Like Hogarth, with whom this artist, like all other comic designers, has been frequently and improperly compared, young Robert Seymour declined to waste his abilities as a mere mechanical draughtsman, and used his technical education as a means of cultivating the artistic gifts with which nature and inclination had endowed him. He seems at first to have selected a walk in art which required for its ultimate success a larger amount of application and patience than he could well spare for the purpose. Shortly after the expiration of his indentures, he started as a painter in oils, and executed several pictures, one of which (a Biblical subject) included, it is said, no less than one hundred figures, whilst a no less ambitious subject than Tasso’s “Jerusalem Delivered” was deemed of sufficient merit to be exhibited on the walls of the Royal Academy. Other pictorial subjects were taken from “Don Quixote,” “Waverley,” “The Tempest,” etc., besides which he executed numerous portraits and miniatures. These efforts, however, do not appear to have been sufficiently remunerative to encourage him to continue them, and after a time he resigned them to follow a branch of art more congenial, perhaps, to his abilities, and thenceforth very rapidly acquired fame as a social satirist and caricaturist.
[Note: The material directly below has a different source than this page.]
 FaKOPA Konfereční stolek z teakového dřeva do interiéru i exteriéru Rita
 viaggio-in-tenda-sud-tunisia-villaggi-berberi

The coloured caricatures of Robert Seymour, besides being comparatively scarce and little known, seem hardly to call for any particular description; the titles of some of them will be found mentioned in our Appendix. One which has survived, and with which the public are probably most familiar, is one of the worst of the series. It is entitled, Going it by Steam, is signed “Short Shanks,” and was published by King. Among rarer and better ones may be named two very excellent specimens, without date, published by Creed, of Chancery Lane, labelled respectively, A Musical Genius (a butcher boy playing on the Pandean pipes and accompanying himself with marrow bone and cleaver), and A Man of Taste and Feeling (a tramp caught in a trap while helping himself in a butler’s pantry). Among the best of his coloured political caricatures, we may mention, Greece and her Rough Lovers (i.e. Russia and Turkey), published by Maclean, in 1828. Lithography afforded greater facilities of execution than the old process, and much of Seymour’s work in political as well as social satire was executed by himself on stone.